У меня нет оснований верить этому старику, подумала она, но нет оснований и не верить, в таких случаях, наверное, лучше избирать доверие. В конце концов, рискует она только собой. А жить, никому не доверяя, вообще не стоит…
— Вы хорошо меня понимаете? — опять спросил немец и добавил, словно прочитав ее мысли, еще один вопрос: — Вы вообще верите в мою искренность?
— Да, господин профессор, — ответила она. — Хорошо, я согласна работать у вас в доме…
Профессор Штольниц не обманул ее доверия. За полтора года, прожитых в этой семье, она и в самом деле стала чувствовать себя почти родственницей. Фрау Ильзе, правда, казалась ей слишком уж расчетливой и экономной; Людмила признавала, что основания к этому у фрау были: Штольницы жили очень небогато, почти бедно, хотя и в просторной квартире, обставленной старой дорогой мебелью. Все это было остатками прежнего благополучия, сейчас профессор не преподавал и книги его не переиздавались, так что было даже не совсем понятно, на какие средства они вообще существуют. Но все-таки — охать и всплескивать руками по поводу толщины картофельных очисток! Если не считать этого, фрау Ильзе была женщина добрая, хотя и недалекая. Людмила относилась к ней покровительственно.

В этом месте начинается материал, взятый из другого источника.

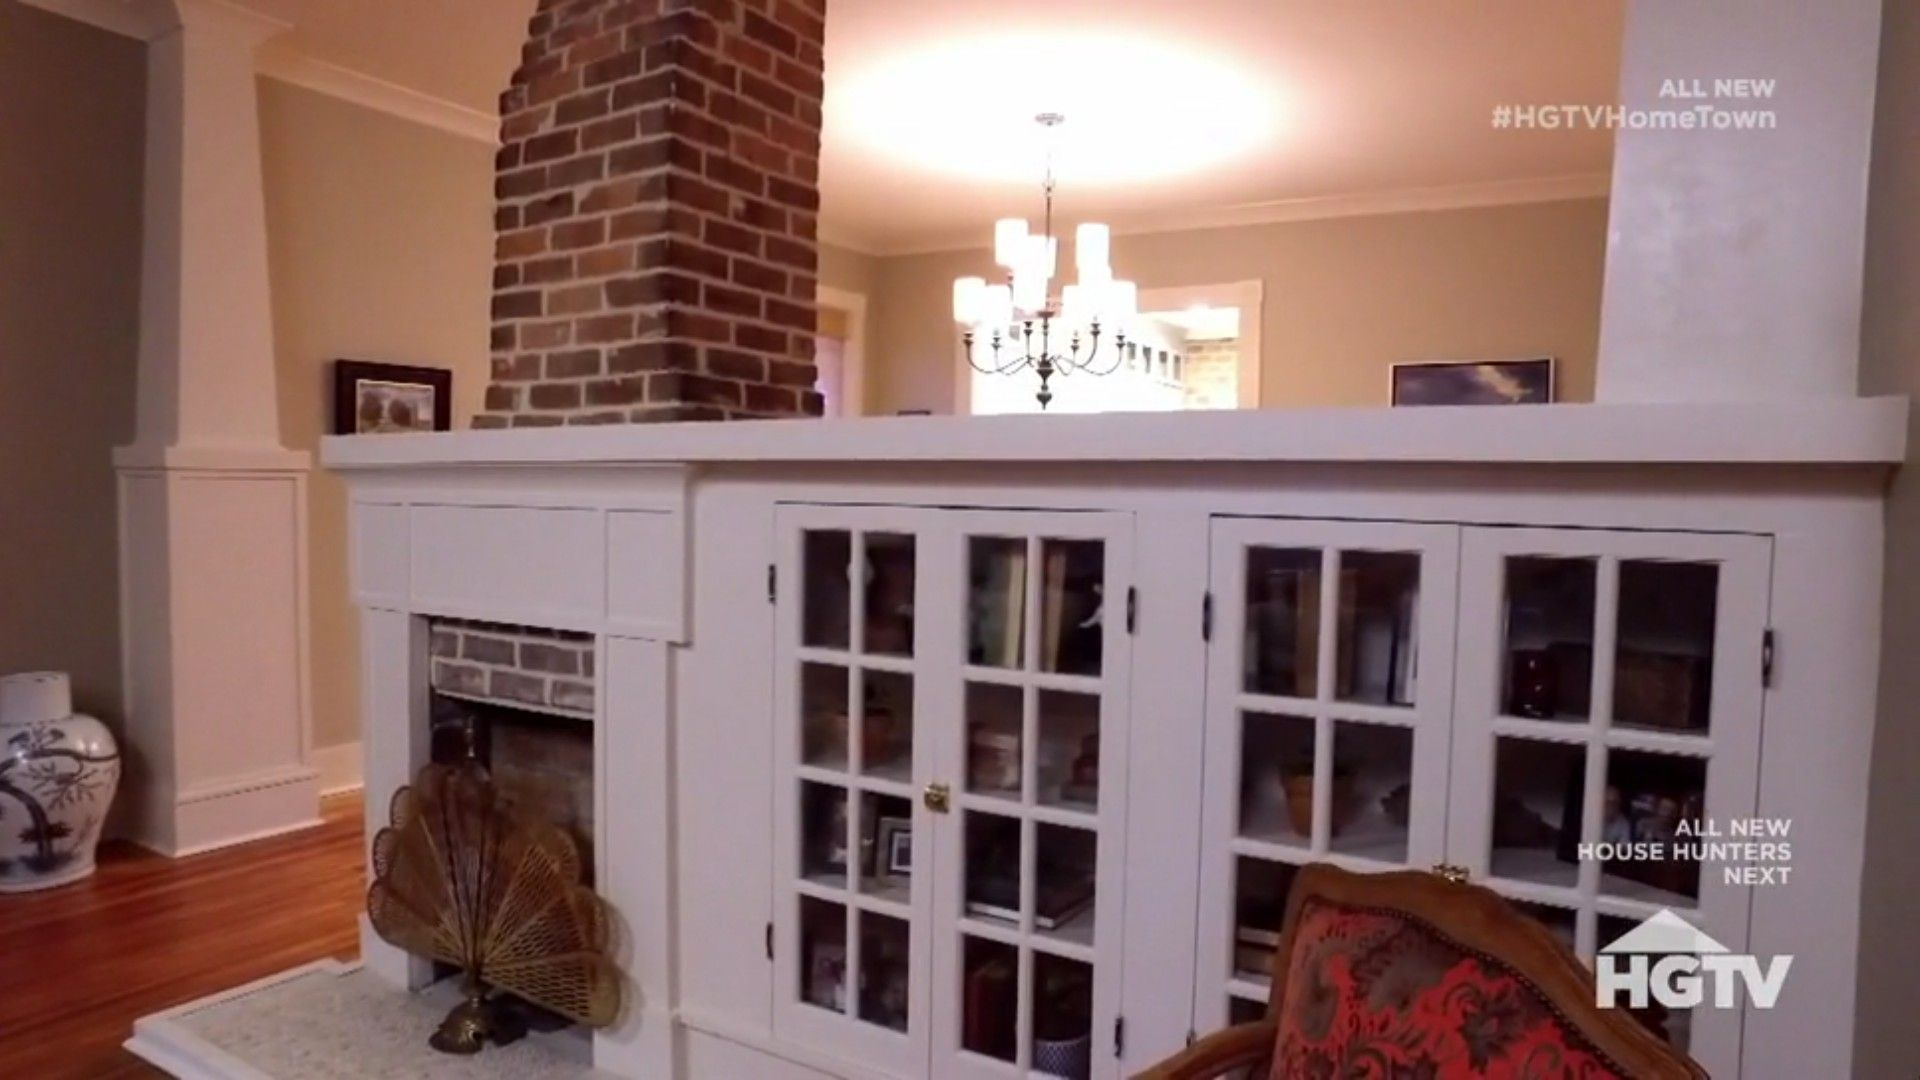 Hgtv Hometown Season 2 Episode 8 Updated Original Fireplace Home Town Hgtv Hgtv Living Room New Homes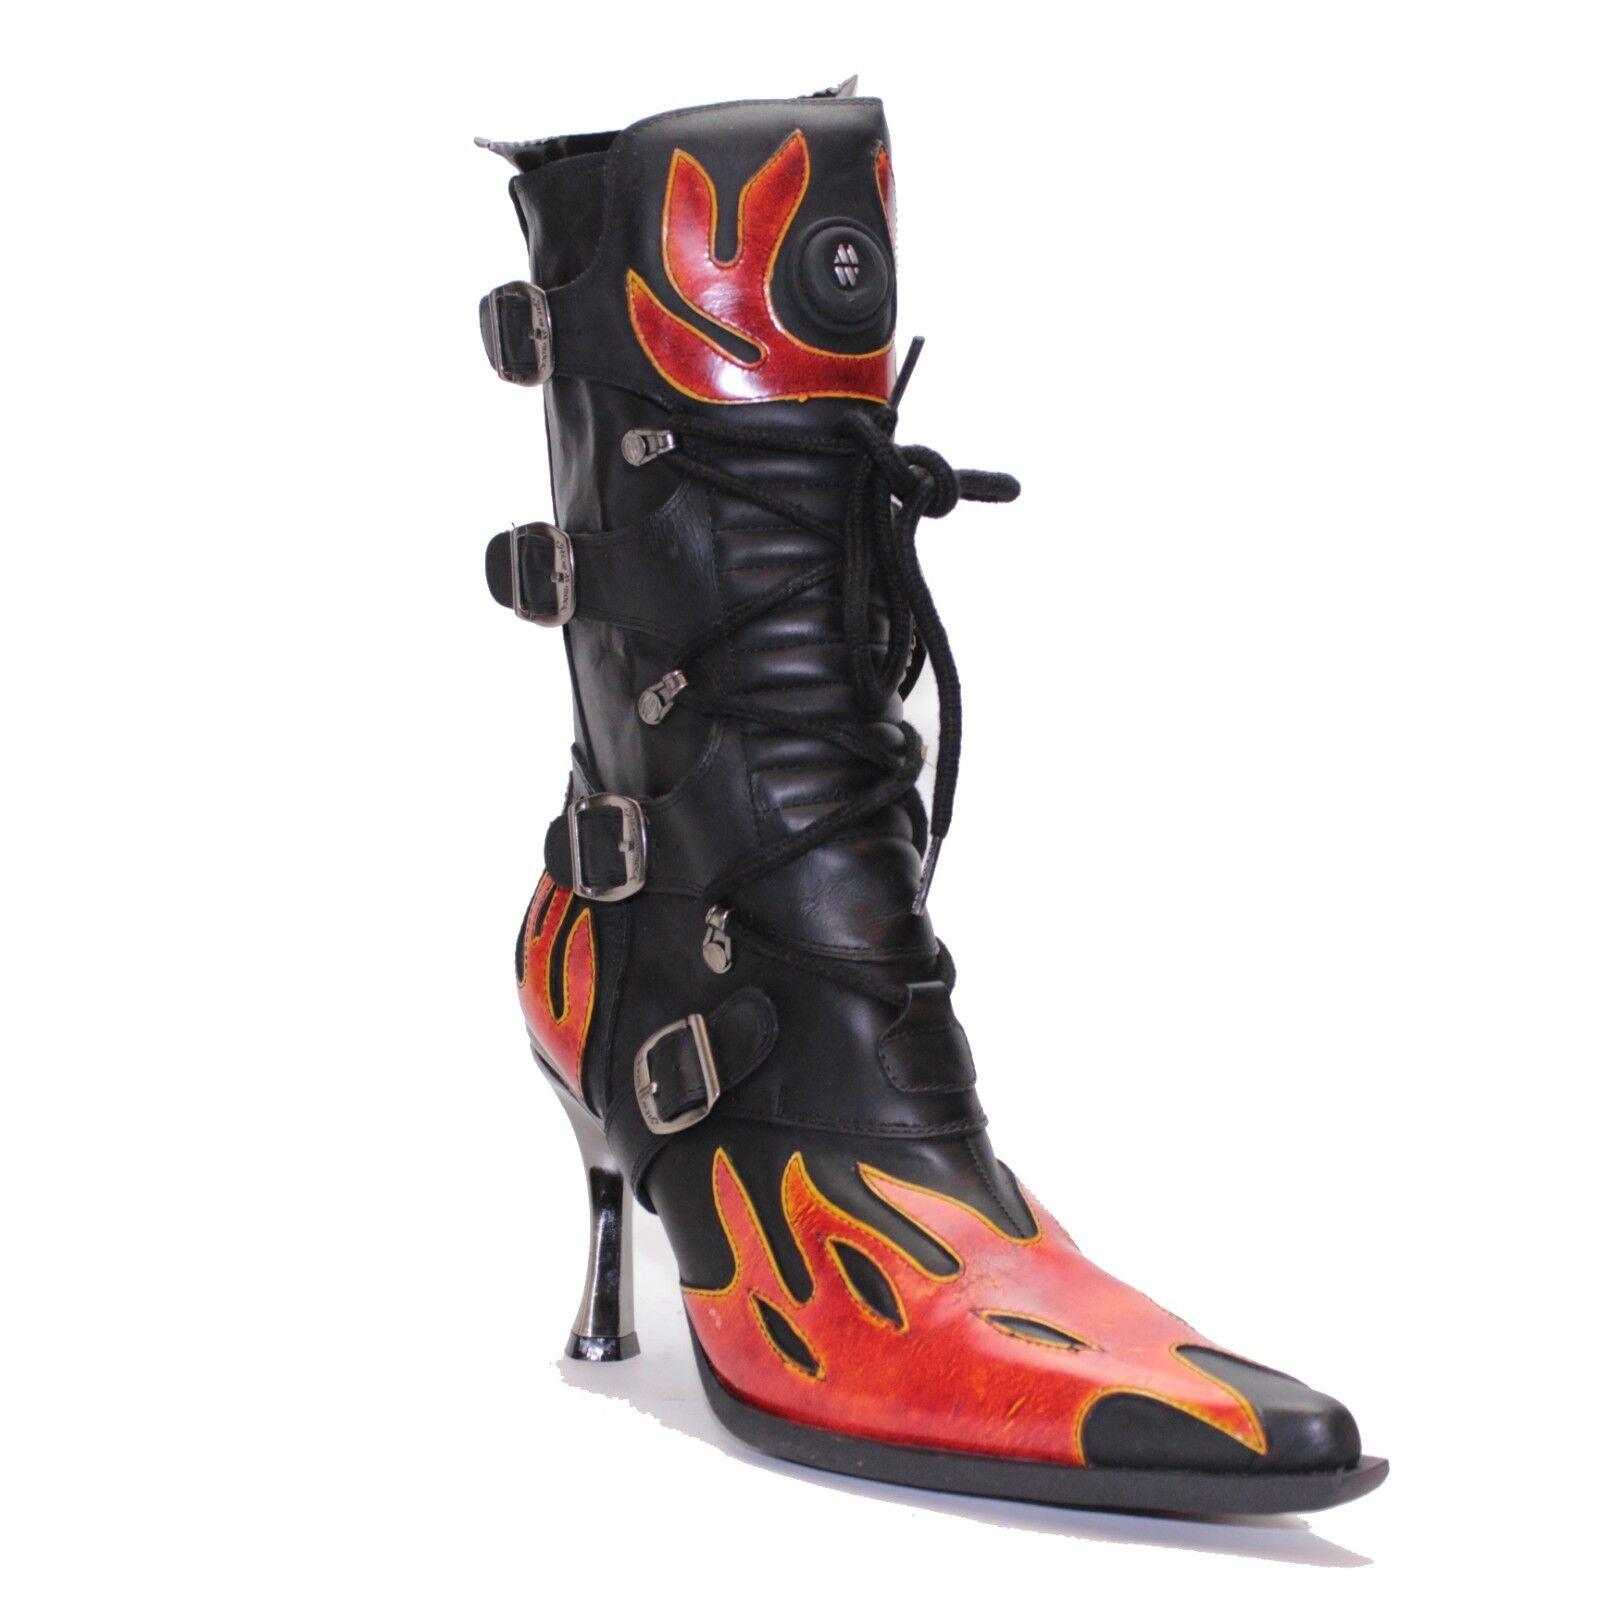 New Rock M.9591-S1 Flame Punk Rock Alternative Goth High Heel Stiefel UK 6.5 EU 40

О сыне, служившем в Африканском корпусе, фрау Ильзе говорила часто и с умилением, профессор же — никогда; можно было предположить, что отец с сыном не очень-то ладят. На фотографиях Эгон выглядел красивым, но несимпатичным — этакая надменная «белокурая бестия». Людмила побаивалась его приезда. Ему должны были дать отпуск еще прошлой осенью, но англичане остановили Роммеля под Эль-Аламейном и сами перешли в наступление; отпуска тогда были отменены, и Эгон приехал только весной. Оба предположения подтвердились: и то, что не ладит с отцом, и то, что бестия. В последний день они с профессором совсем перессорились — Людмила случайно услышала часть разговора — речь шла о безнадежном положении на фронтах, и профессор сказал, что «нордическая верность» тех, кто продолжает слепо исполнять приказы, теперь уже оборачивается соучастием в преступлении…
Эгон вернулся в свою часть в начале апреля, а десятого мая на мысе Бон была подписана капитуляция войск Оси в Северной Африке; с тех пор о нем не было ни слуху ни духу.
Что касается политических симпатий профессора, то он с самого начала не скрывал их от Людмилы, хотя первое время и не высказывал открыто — они проявлялись скорее в поступках. В тот первый день, например, когда они вышли вместе из трудового управления, он отобрал у нее чемоданчик и понес сам. Она пыталась протестовать — ей действительно было неудобно: все-таки он (немец или не немец) был намного старше, но профессор ответил ей полушутливо-полувсерьез, что мужчина, идя с дамой, тоже не любит афишировать свой возраст. До Остра-аллее, где жили Штольницы, оказалось довольно далеко, они шли около получаса, хотя можно было воспользоваться трамваем. Лишь позже Людмила поняла, почему профессор предпочел пешую прогулку: иностранцам, оказывается, разрешалось ездить только на задней площадке, и Штольниц должен был бы или поступить подобно тому чиновнику — спокойно усесться внутри, оставив ее за дверью, — или же самому остаться там вместе с нею, что поставило бы в неловкое положение саму Людмилу.
Уже одним этим он сразу дал ей понять, что не разделяет официально насаждаемого в Германии презрения ко всем иностранцам и не намерен соблюдать никаких предписаний в этом смысле. То, что Людмила с первого же дня питалась вместе с «хозяевами», тоже, конечно, было особого рода демонстрацией; интересно, сажали ли они раньше за свой стол прислугу-немку. Скорее всего, нет; ведь обычная прислуга была в их глазах существом иного, так сказать, социального уровня, с нею просто не о чем было бы говорить. В Людмиле же они видели жертву временных обстоятельств.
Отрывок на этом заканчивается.